INSTRUCTIONS TO FOLLOW. All the lines below need retyping exactly, apart from the images.

SUPPLIED DATA.
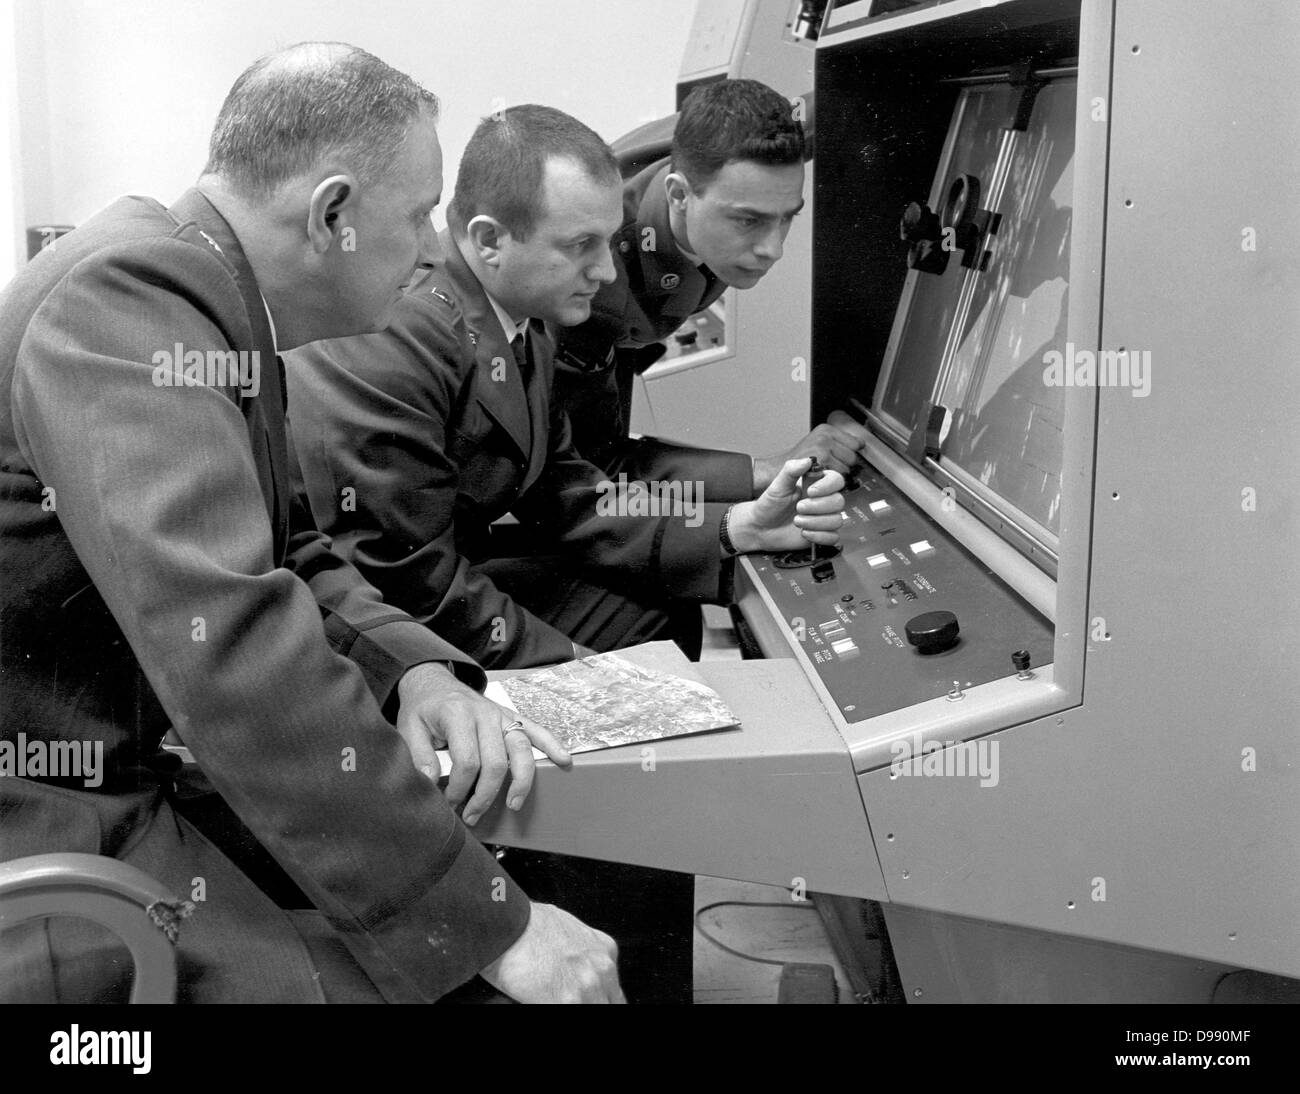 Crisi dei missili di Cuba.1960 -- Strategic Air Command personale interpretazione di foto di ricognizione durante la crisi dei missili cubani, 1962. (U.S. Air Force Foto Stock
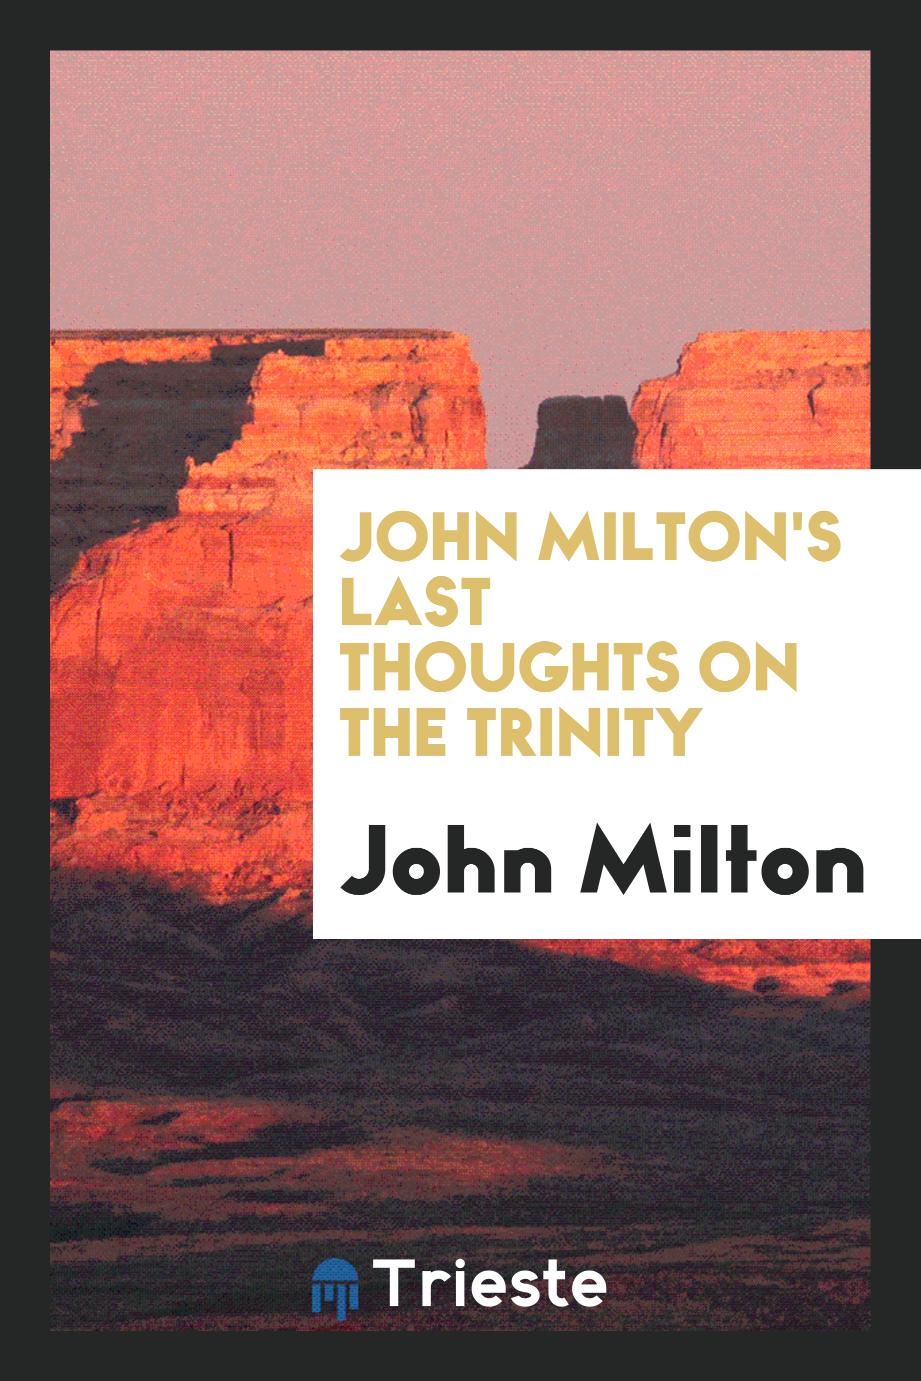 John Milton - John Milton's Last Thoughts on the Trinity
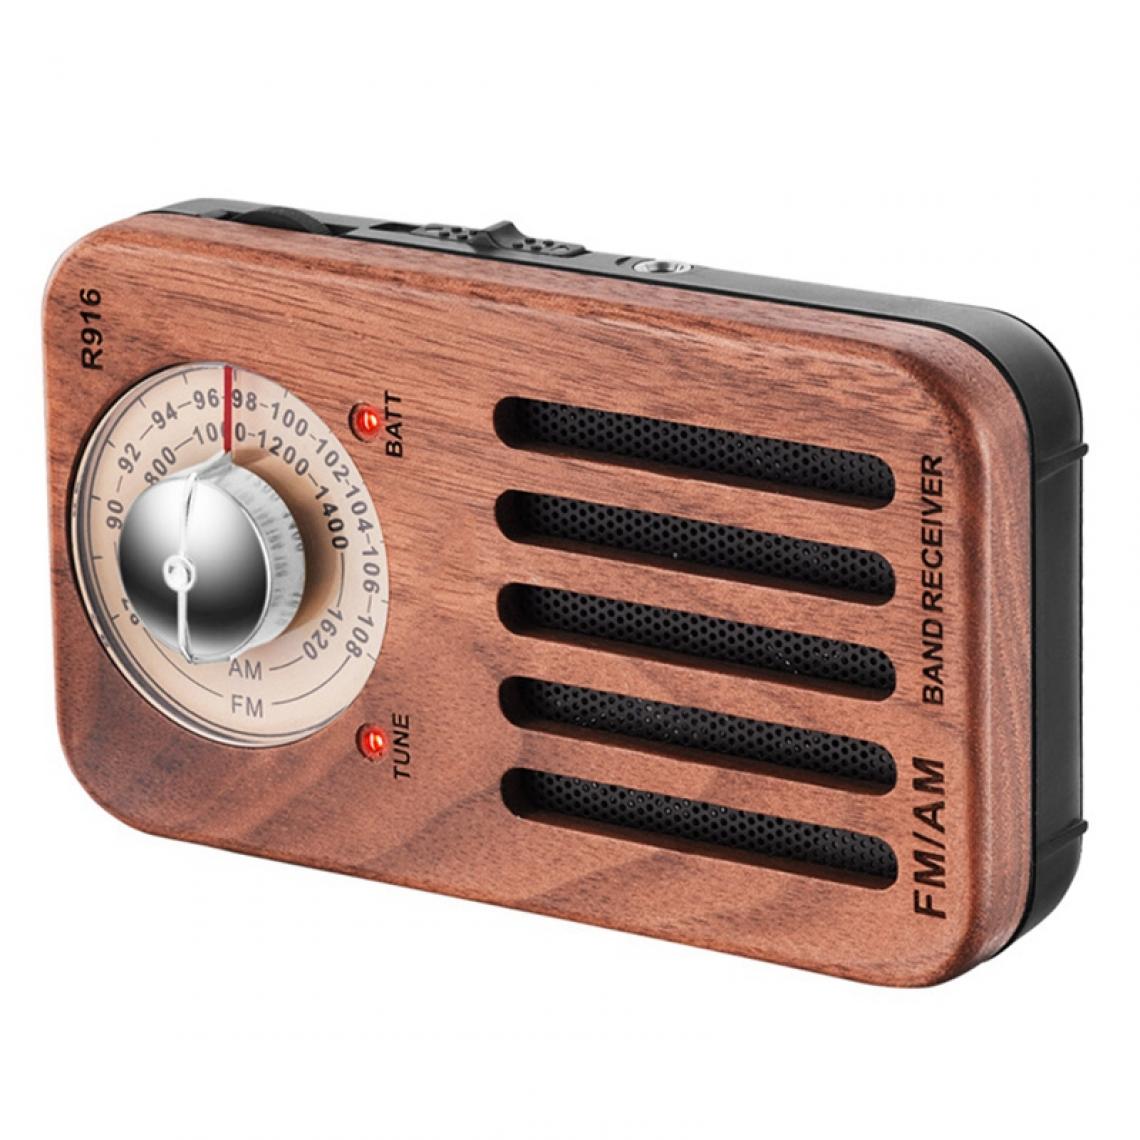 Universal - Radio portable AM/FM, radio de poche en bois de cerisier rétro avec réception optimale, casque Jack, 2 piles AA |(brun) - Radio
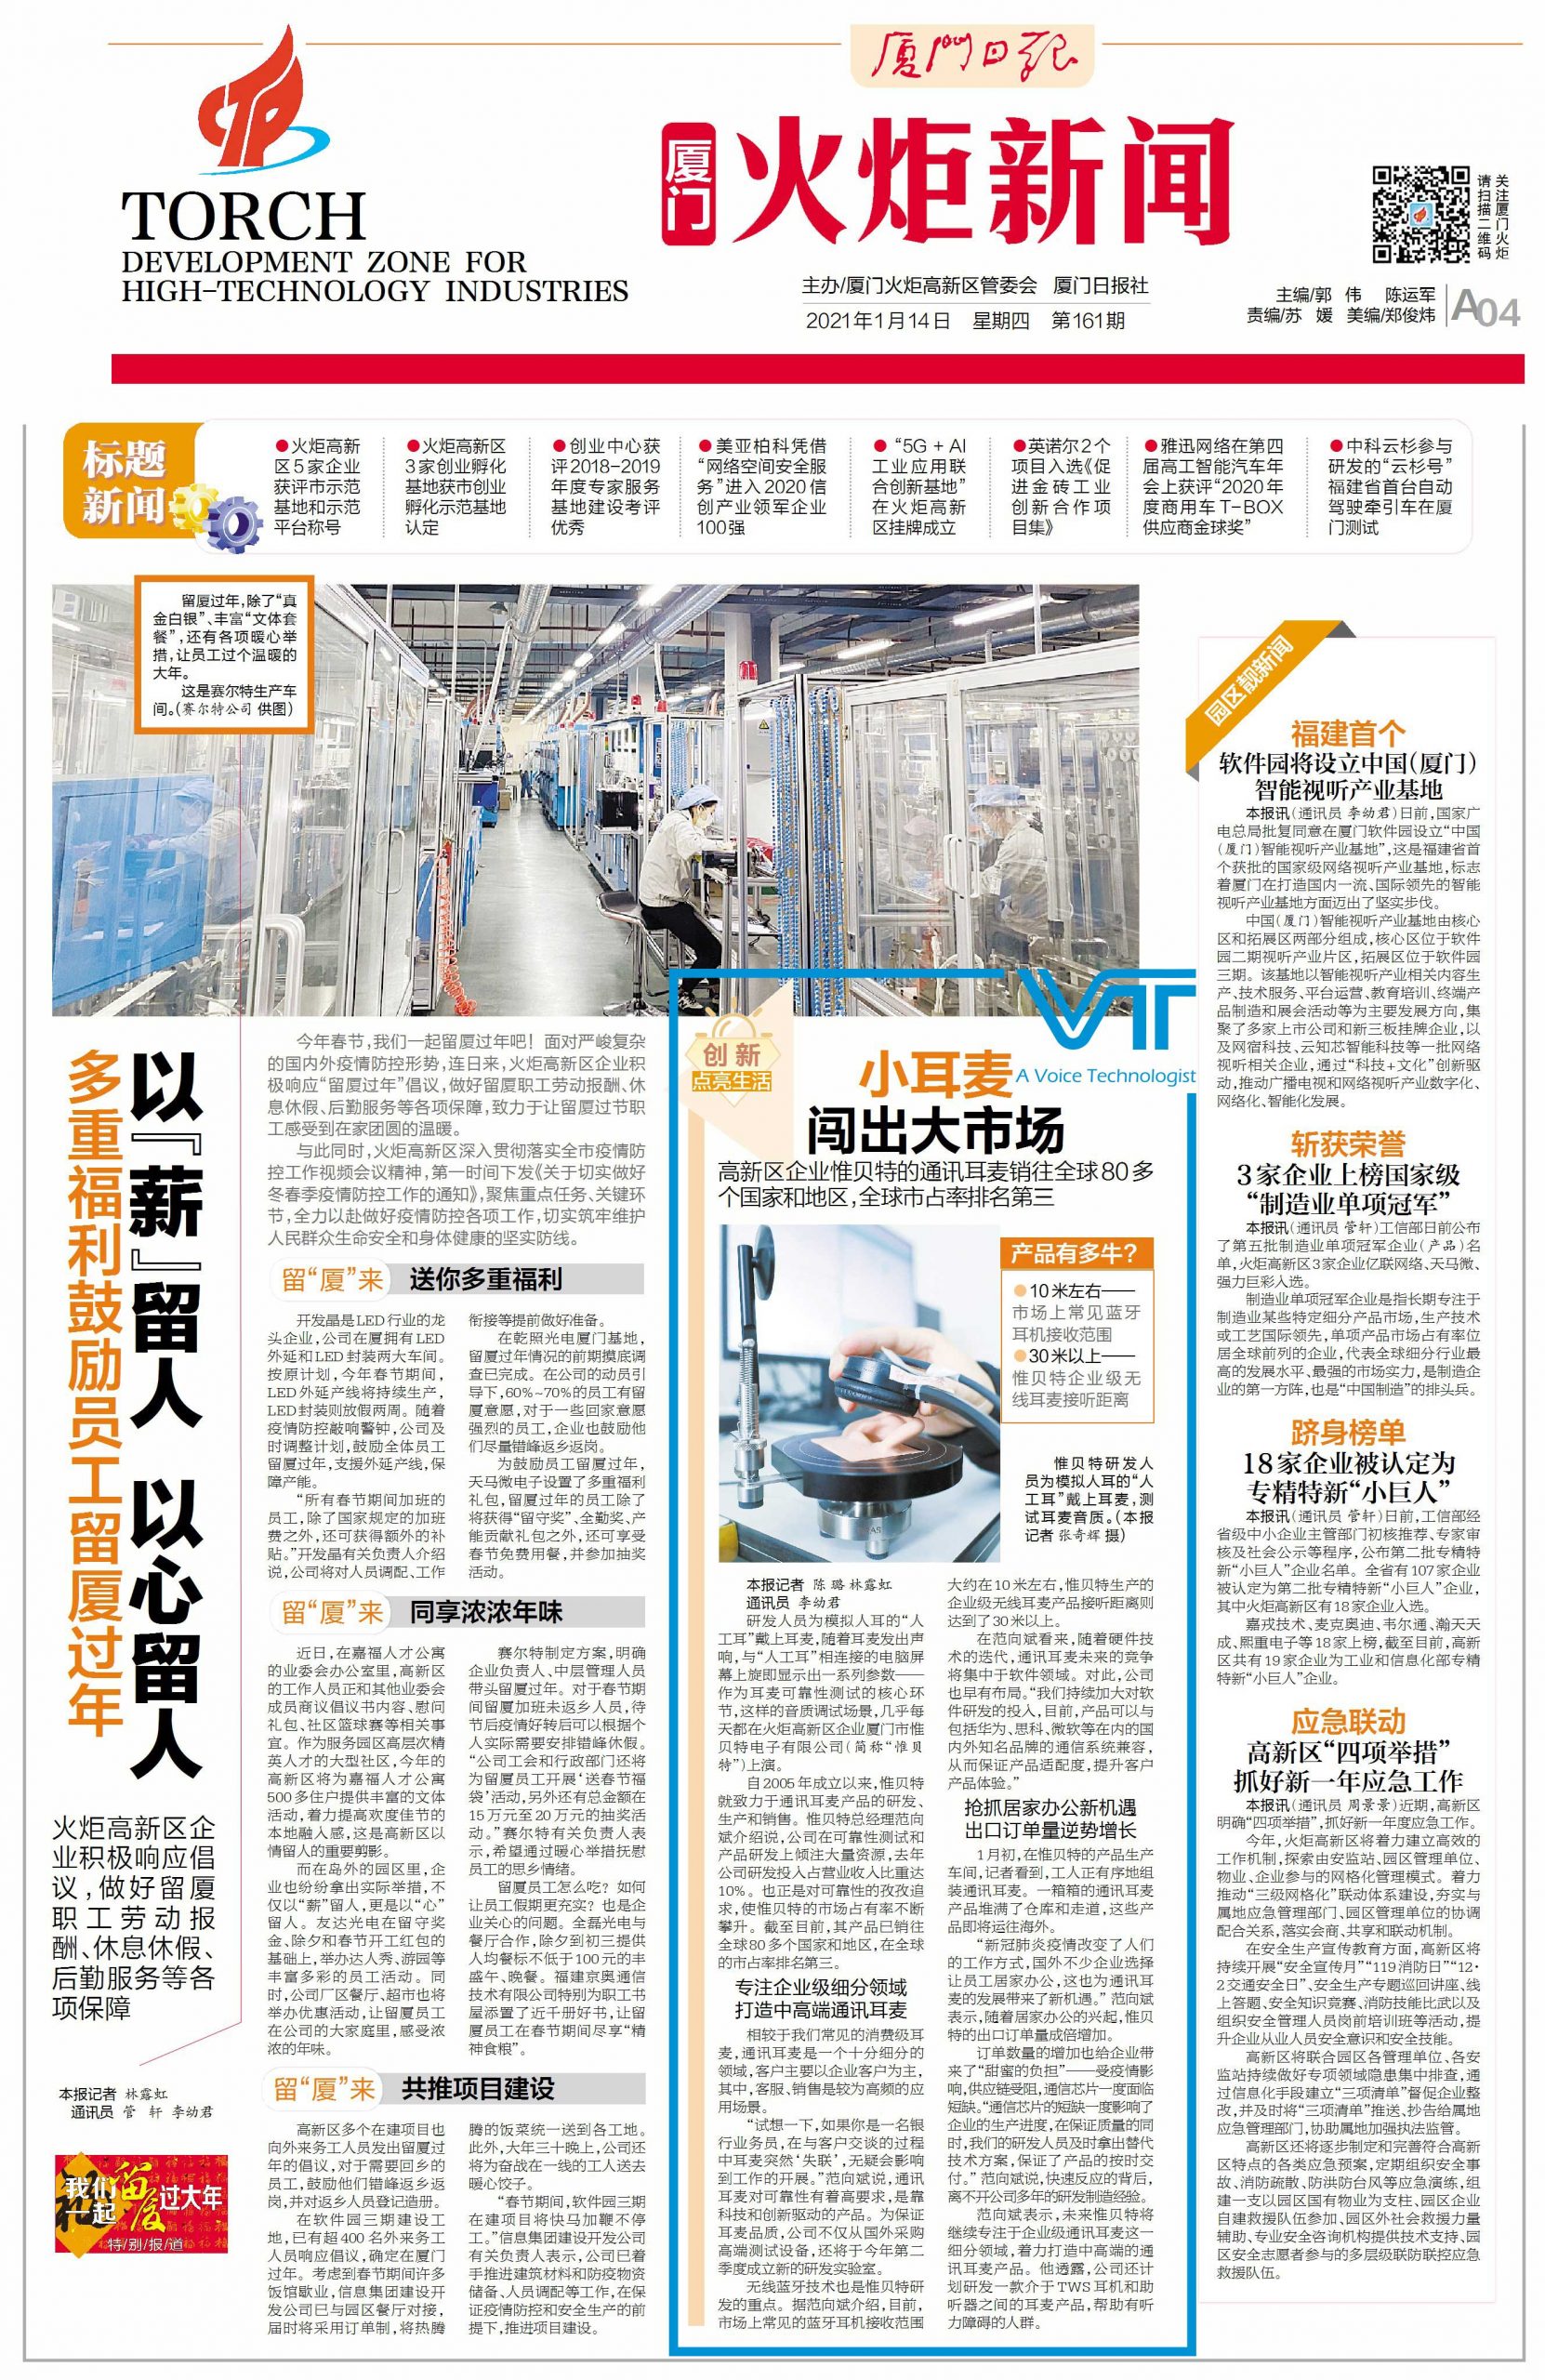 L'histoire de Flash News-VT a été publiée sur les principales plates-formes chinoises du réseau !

RESPONSE TO THE EXERCISE.
 Crisi dei missili di Cuba.1960 -- Strategic Air Command personale interpretazione di foto di ricognizione durante la crisi dei missili cubani, 1962. (U.S. Air Force Foto Stock
 John Milton - John Milton's Last Thoughts on the Trinity
 Universal - Radio portable AM/FM, radio de poche en bois de cerisier rétro avec réception optimale, casque Jack, 2 piles AA |(brun) - Radio
 L'histoire de Flash News-VT a été publiée sur les principales plates-formes chinoises du réseau !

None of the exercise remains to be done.